Select Page

Colum McCann is an Irish writer of literary fiction. His tales are easy to read, poetic even. Let the Great World Spin (2012) brought him international recognition and he has used his fame to create social change through storytelling.

Here are ten more reasons why I recommend him:

1. Colum McCann writes in a closet. He lives in a great apartment in the Upper East Side of NYC, but he restricts his space to focus his attention, or escape from his three kids.

2. Colum stands up for abused women. In Thirteen Ways of Looking (2015) Colum begins each story with a quotation from Wallace Stevens’ poem Thirteen Ways of Looking at a Blackbird. All the stories are related in some way to an assault he suffered when he came to the aid of a woman in distress.

3. Colum lives with contradictions. He doesn’t pretend he can teach his students at Hunter College how to write, but his latest book is entitled Letters to a Young Writer: Some Practical and Philosophical Advice (2017). In it, he writes passionately about the craft of writing.

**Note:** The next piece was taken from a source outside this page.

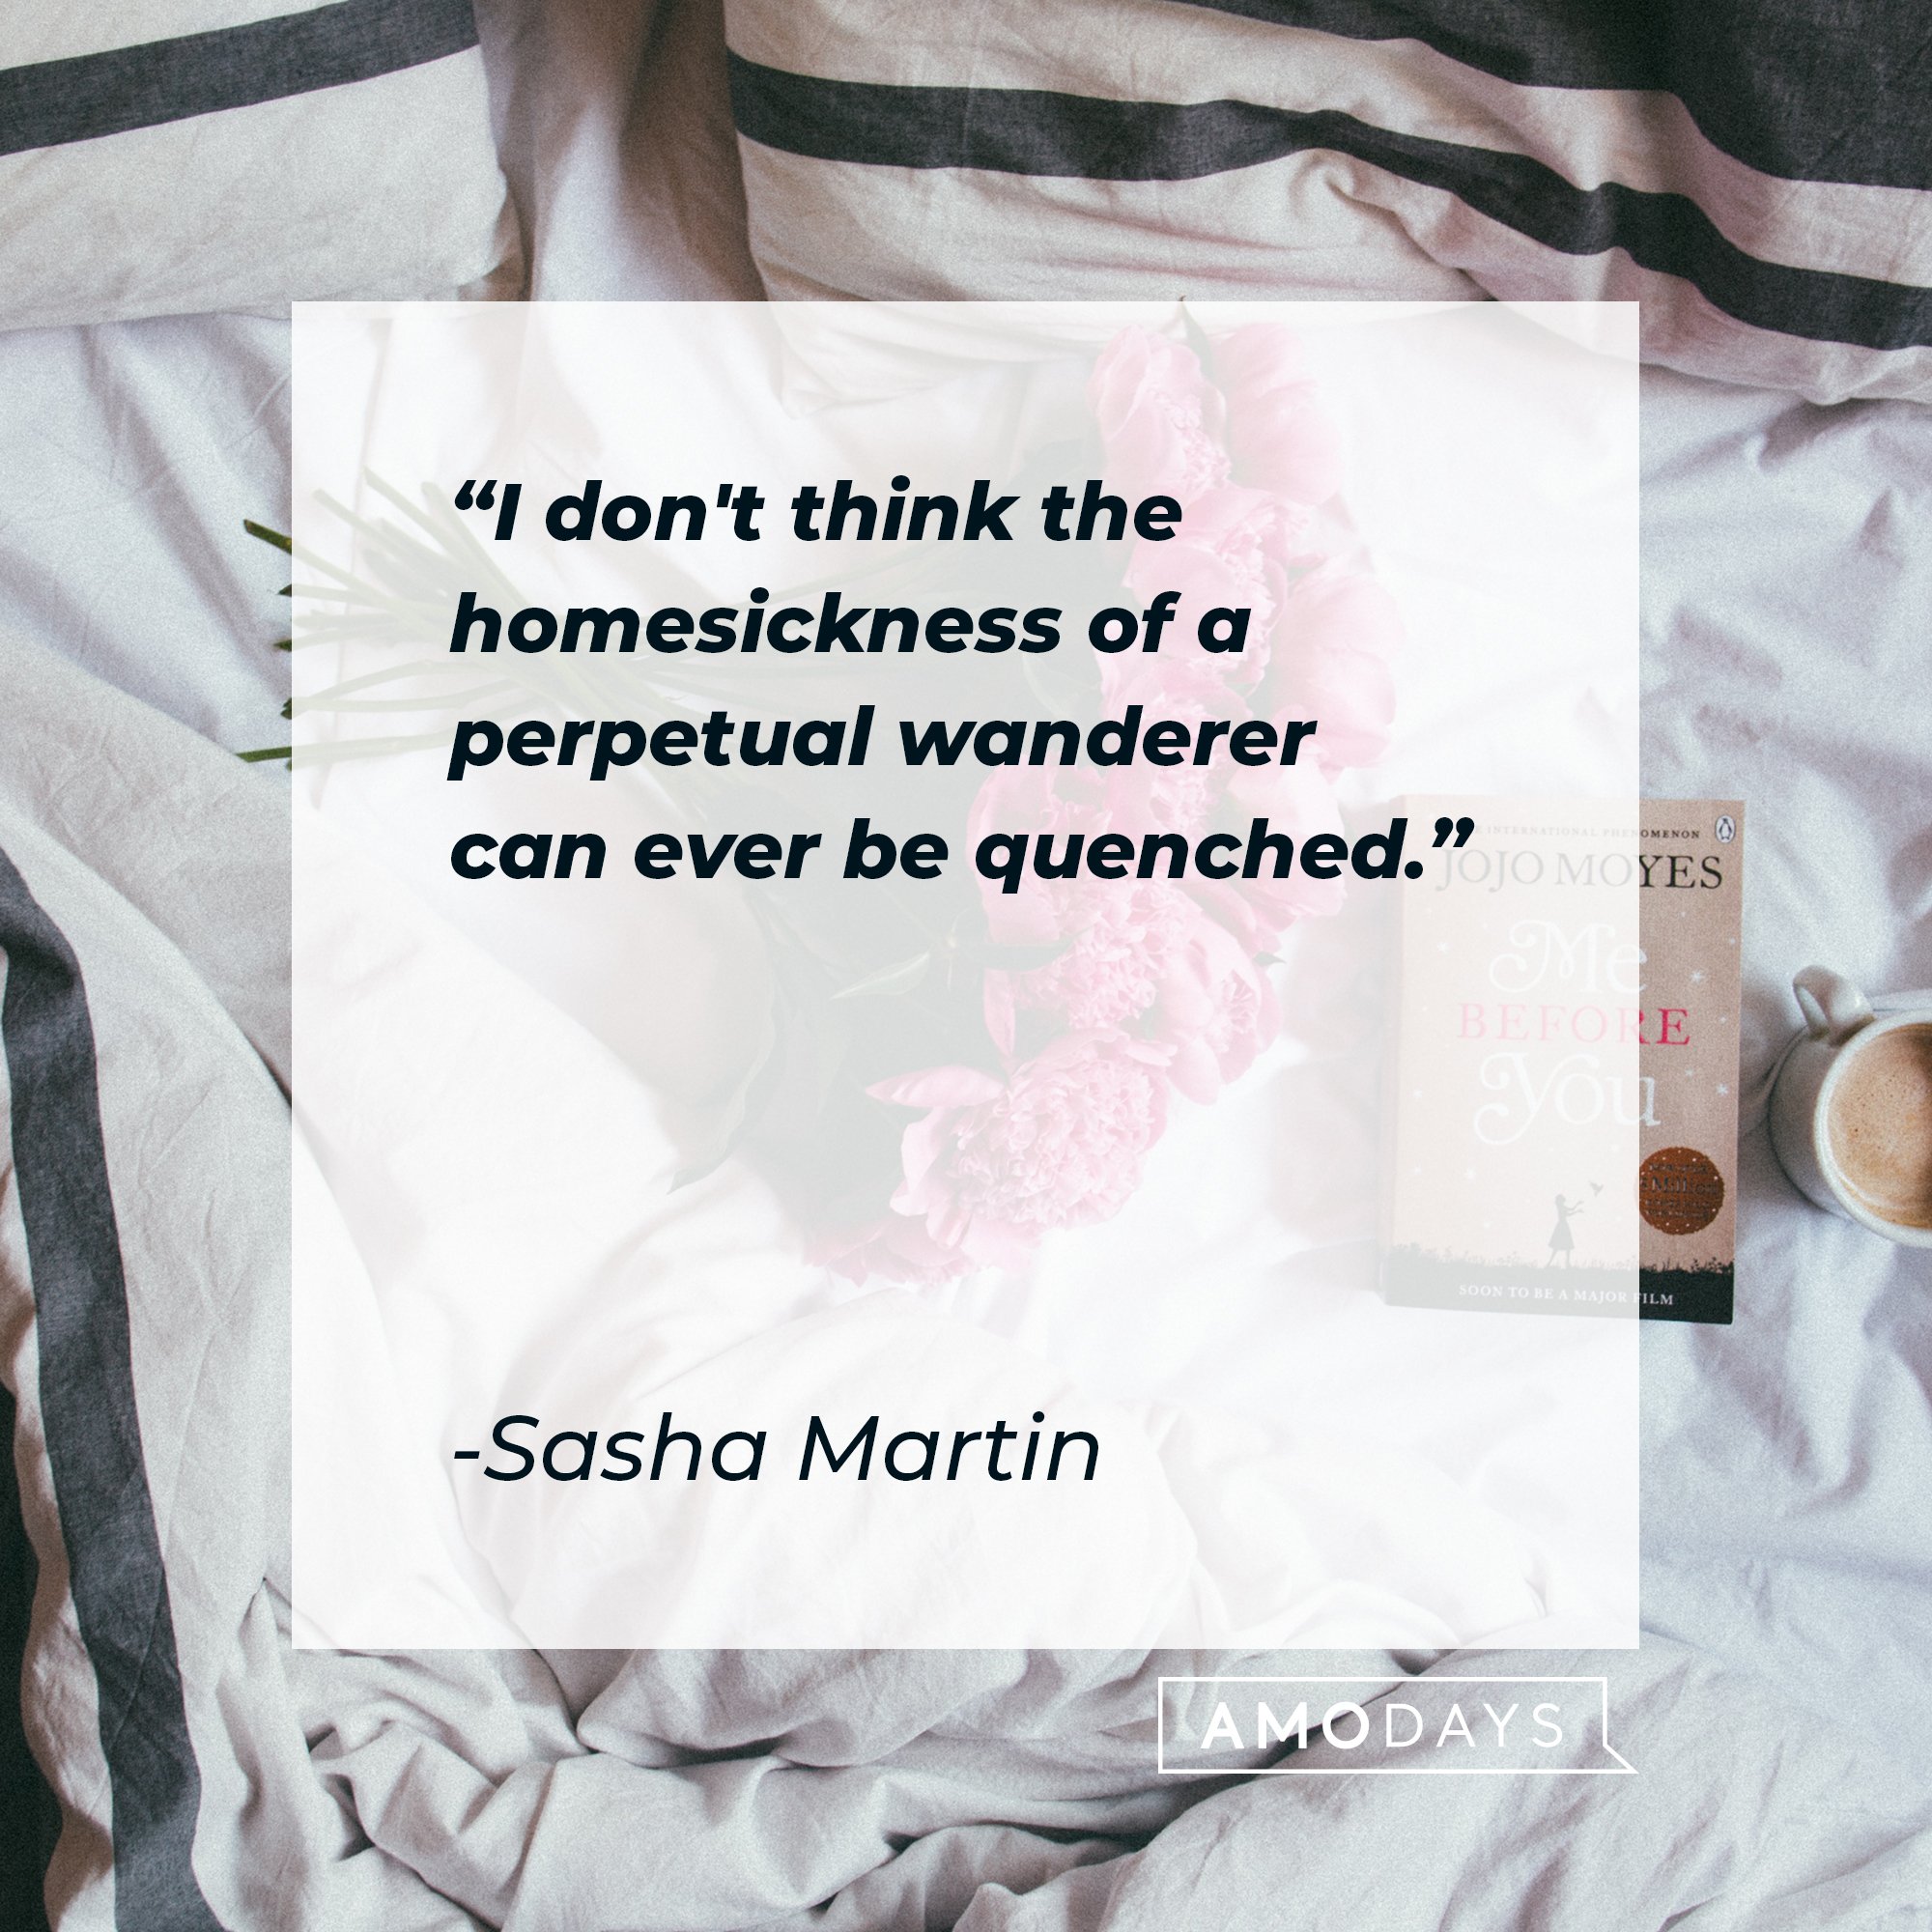 Sasha Martin's quote: "I don't think the homesickness of a perpetual wanderer can ever be quenched." | Image: AmoDays
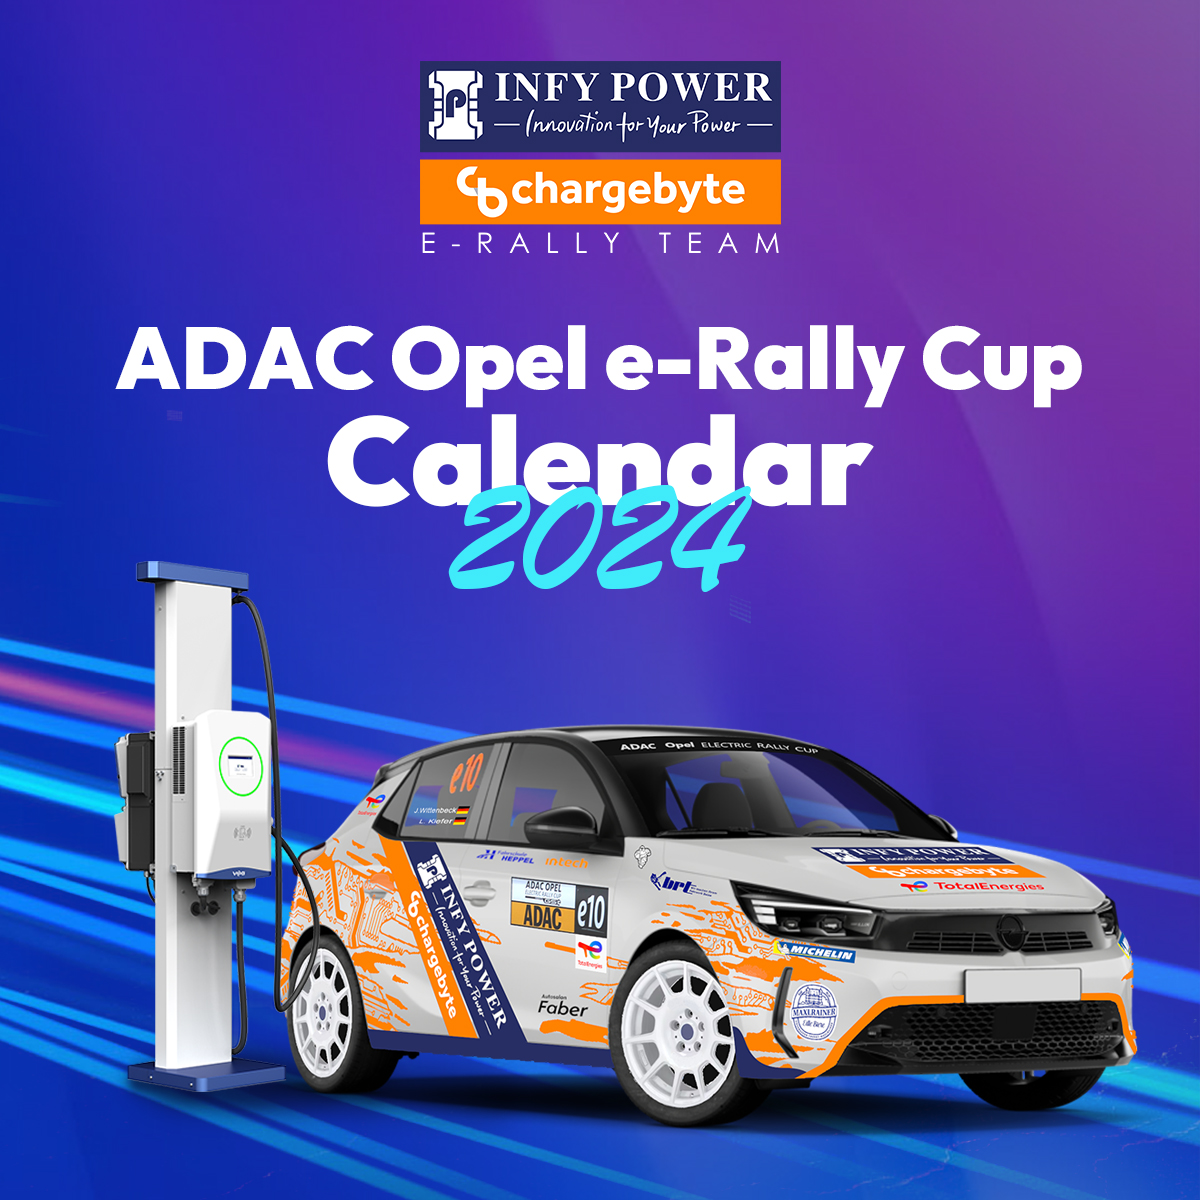 Infypower is joining chargebyte for the 2024 ADAC Opel Electric Rally Cup Season

4. Colum believes in the power of stories. Narrative4, an organization he promotes, brings together different people to exchange their stories. He calls it an exercise in “radical empathy.” He also believes in jumping off a cliff, trusting that wings will develop on the way down.

5. Colum will never get over 9-11. Let the Great World Spin (2009) is his National Book Award-winning novel about its effects on people and the state of the nation. Our book club on the South Shore just finished discussing it as “the best book ever.”

6. Colum is Irish. He was born in Dublin in 1965 and has travelled extensively. He explores how landscape shapes our stories, and us. Ireland is still “home”. Of Joyce’s Ulysses he says: “The greatest novel of all time is about a cuckolded Irish-Hungarian Jew who wanders the streets of Dublin on June 16, 1904. Not much plot there, is there? But Ulysses is a vast compendium of human experience. It contains everything—primarily because it has the language.”

7. Colum writes about real people and events. Find out about early air travel pioneers in TransAtlantic (2013). But don’t expect just one topic, or one narrator. This novel also features Frederick Douglas (American social reformer, abolitionist, former slave, orator, writer, and statesman), and Senator George Mitchell (U.S. politician, active in the North Ireland peace process).

8. Colum believes in physical research for his novels. He has spent hours in the tunnels with homeless people; he has lived with Amish families, poor families, rich families, worked in bars, was a bicycle mechanic, swimming pool attendant, and rode with the NYPD on their daily rounds.

9. Colum is writing semi-historical novels. Is he appropriating culture that is not his? He doesn’t think so. He believes in writing not about what you know, but about what you want to know. In his work, expect to find stories of “the other”. His writing tends to blur the lines between fiction and non-fiction.

10. Colum is a positive person, and he gets things done. In one of his recent leaps, he agreed to curate a collection on masculinity: The Book of Men: Eighty Writers on How to Be a Man (2013). I hope he gets around to doing the same for women. He loves writing in women’s voices.